9) Time Plan for 18–20 Minutes (That Actually Works)

  • 0–2 min: Skim for thesis + supports; mark connectors.
  • 2–3 min: Count source words; write target.
  • 3–6 min: Skeleton map (thesis → 2–4 supports → closure).
  • 6–14 min: Draft in your own words (no examples unless crucial).
  • 14–18/20 min: Polish, recount, trim/add 1–2 words to hit target; check grammar.

Why this works: It protects you from over-reading, preserves space for polishing, and guarantees the one-third alignment.


10) Common Errors (and Lightning Fixes)

  1. Missing the thesis.
    Fix: Write the thesis first in your outline; every support must echo it.
  2. Over-length or under-length.
    Fix: Draft 3–5% short, then add a clarifying phrase if needed.
  3. Copying sentences.
    Fix: Force yourself to rephrase each line of the skeleton map, not the passage.
  4. Adding opinions.
    Fix: Ask: “Did the original say this?” If no, remove it.
  5. Losing logical order.
    Fix: Keep the author’s sequence unless a minor swap improves clarity.
  6. Drowning in examples.
    Fix: Replace anecdotes with the principle they illustrated.
  7. Vague language.
    Fix: Prefer compact, precise words (“incentivise”, “constrains”, “coordination”).

11) High-Yield Language Moves (With Tiny Examples)

  • Nominalise carefully: “The programme aims to improve credit access”“The programme improves credit access.” (shorter is often better than nominalisation)
  • Condense lists: “Banks, NBFCs, and MFIs”“lenders.”
  • Keep essential numbers: “inflation rose from 4% to 7% due to supply shocks” → keep it if numbers carry the logic; else “inflation rose due to supply shocks.”
  • Neutral tone: “disastrous, reckless” → avoid; use “risky, imprudent” only if the author clearly implies it.

12) Practice Drills (15–25 Minutes Each)

Drill A — Compression Only

  • Take a 240-word editorial paragraph. Target 80 words.
  • Output must show thesis + 3 supports + closure. No examples.
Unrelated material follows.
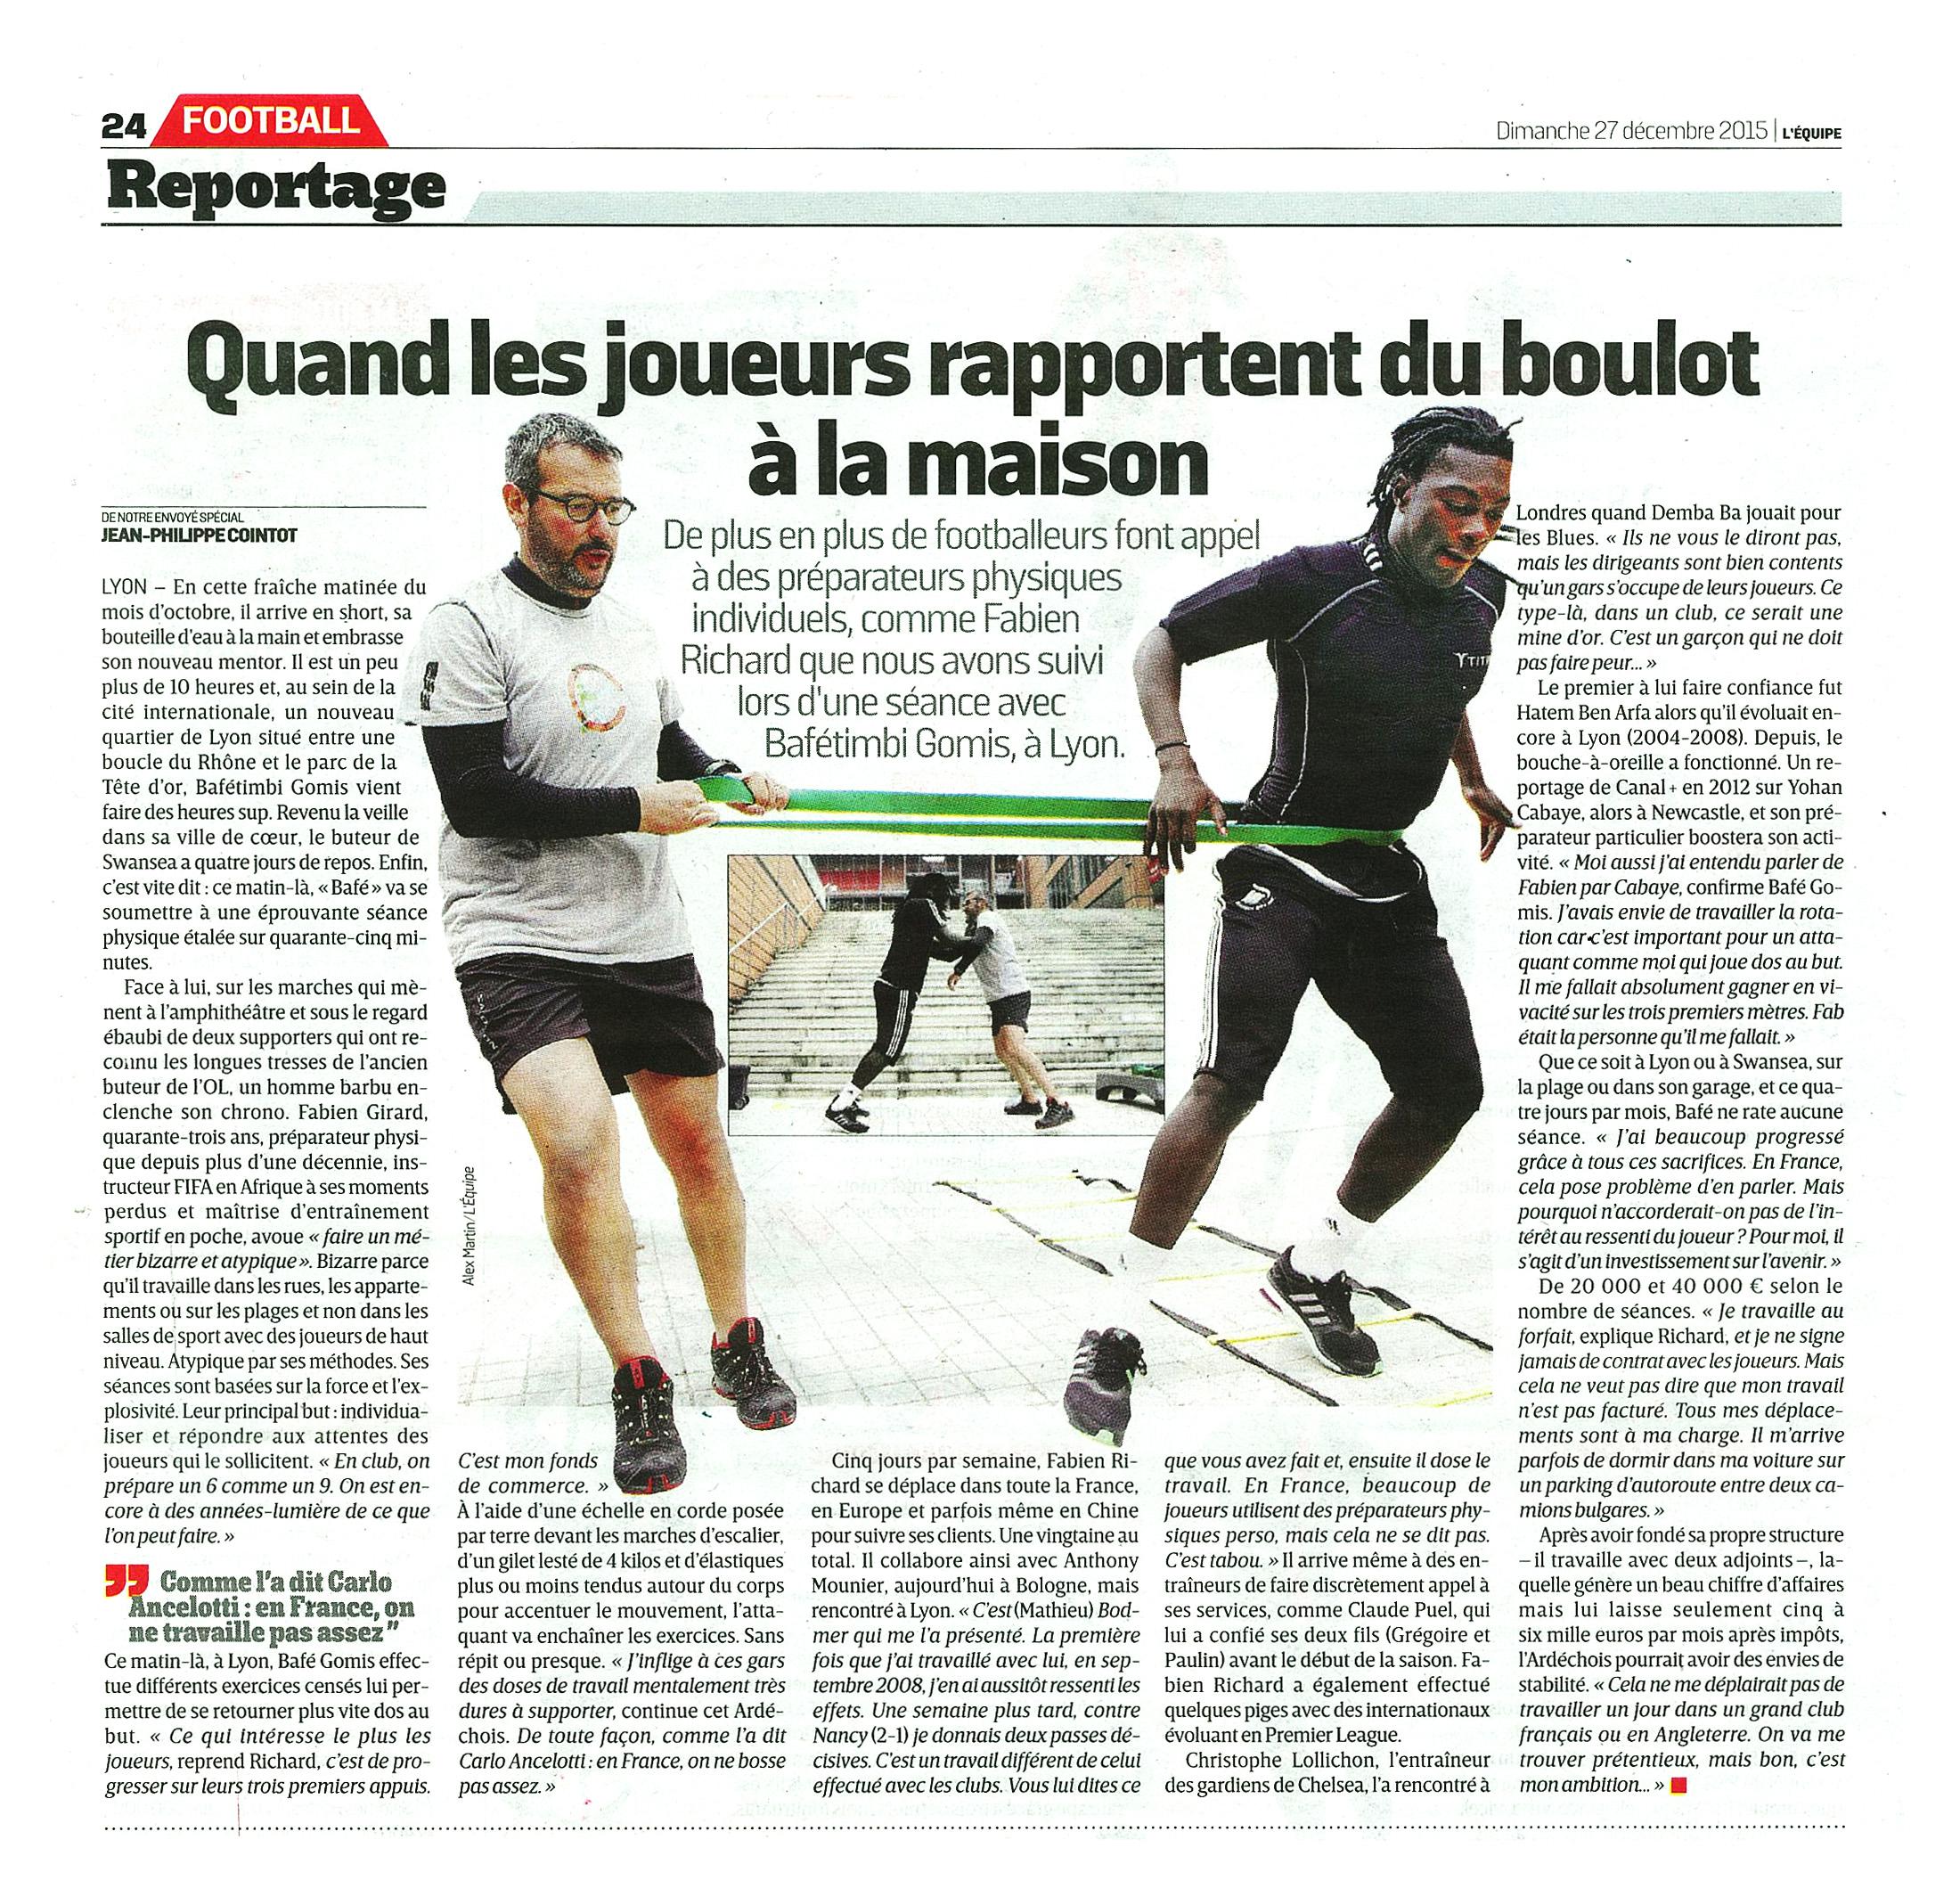 article L'Équipe

Drill B — Paraphrase Muscle

  • Pick 5 complex sentences. Rewrite each to ≤15 words without losing meaning.

Drill C — Logic Map

  • For any argumentative passage, write a thesis line and number the supports (1–4). Draft the precis directly from this map.

Drill D — Exactness Test

  • Practice with “awkward” lengths (e.g., 317 words → ~106). Hit the target within ±1 word.
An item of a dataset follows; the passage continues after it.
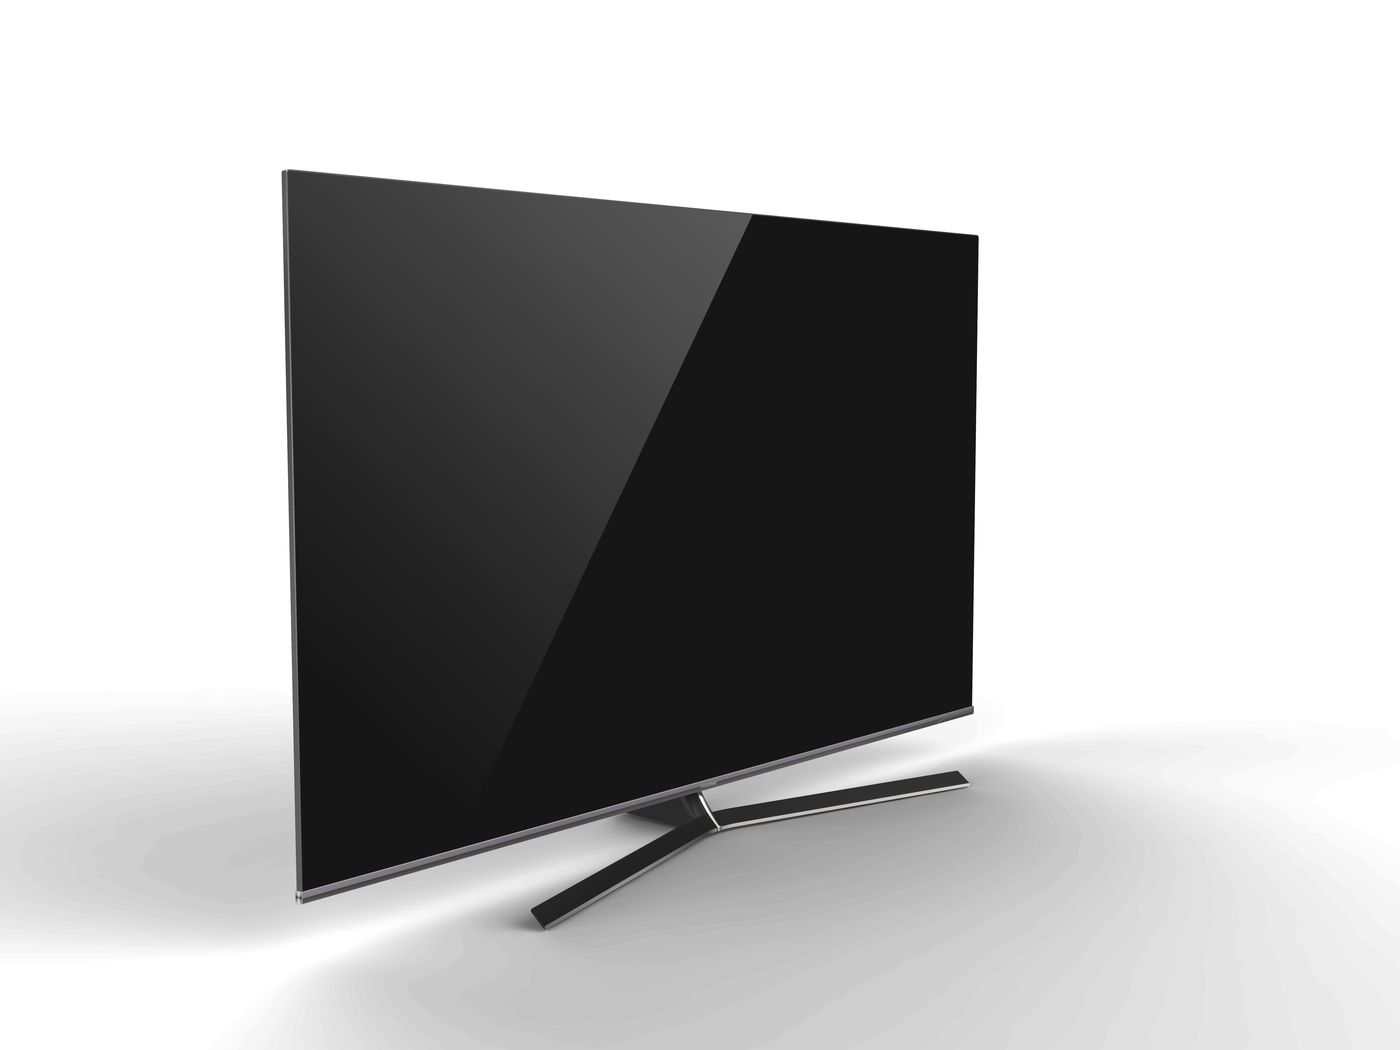 Hisense announces Sonic One TV alongside its new 2019 4K TV

13) Two-Week Booster Plan (60–75 min/day)

  • Week 1:
    • Mon–Wed: 1 drill/day (A, B, C).
    • Thu: 3 short precis (150→50 words each).
    • Sat: 1 full mock (Essay + Precis + RC); review only the precis with rubric.
  • Week 2:
    • Mon–Wed: 2 precis/day (varying lengths; one must be non-divisible by 3).
    • Thu: “Exactness Test” day—three awkward counts.
    • Sat: Full 90-min mock; adjust your precis minute-wise plan if needed.

Maintain an error ledger: over-length tendencies, missing qualifiers, weak connectors, grammar slips—fix them consciously in the next attempt.


14) Ready-to-Use Precis Template (Copy to Your Notes)

[Optional Title: 3–6 words that capture the thesis]
Precis (target = N ÷ 3 words):

  • Thesis: (one clear sentence in your words)
  • Support-1: (merge idea + why it matters)
  • Support-2: (keep a necessary qualifier)
  • Support-3 (optional): (if present in the original)
  • Closure: (implication/recommendation stated by author)

Then write it out as a single coherent paragraph, replace bullets with smooth connectors, and finally recount words.


15) Final Exam-Day Checklist (60 seconds)

  • Wrote the target word count at the top?
  • Thesis and all core supports included?
  • Tone is neutral, no personal opinions?
  • Logic flows with minimal, clear connectors?
  • Word count matches one-third (±1–2 at most)?
  • Spelling, punctuation, and agreements tidy?

Bottom Line

A high-scoring RBI Precis shows that you can understand complex arguments and say them better in fewer words—without changing their meaning. If you (1) map thesis + supports, (2) aim exactly at one-third, and (3) polish for clarity, you’ll consistently land in the top band of the 30-mark scale.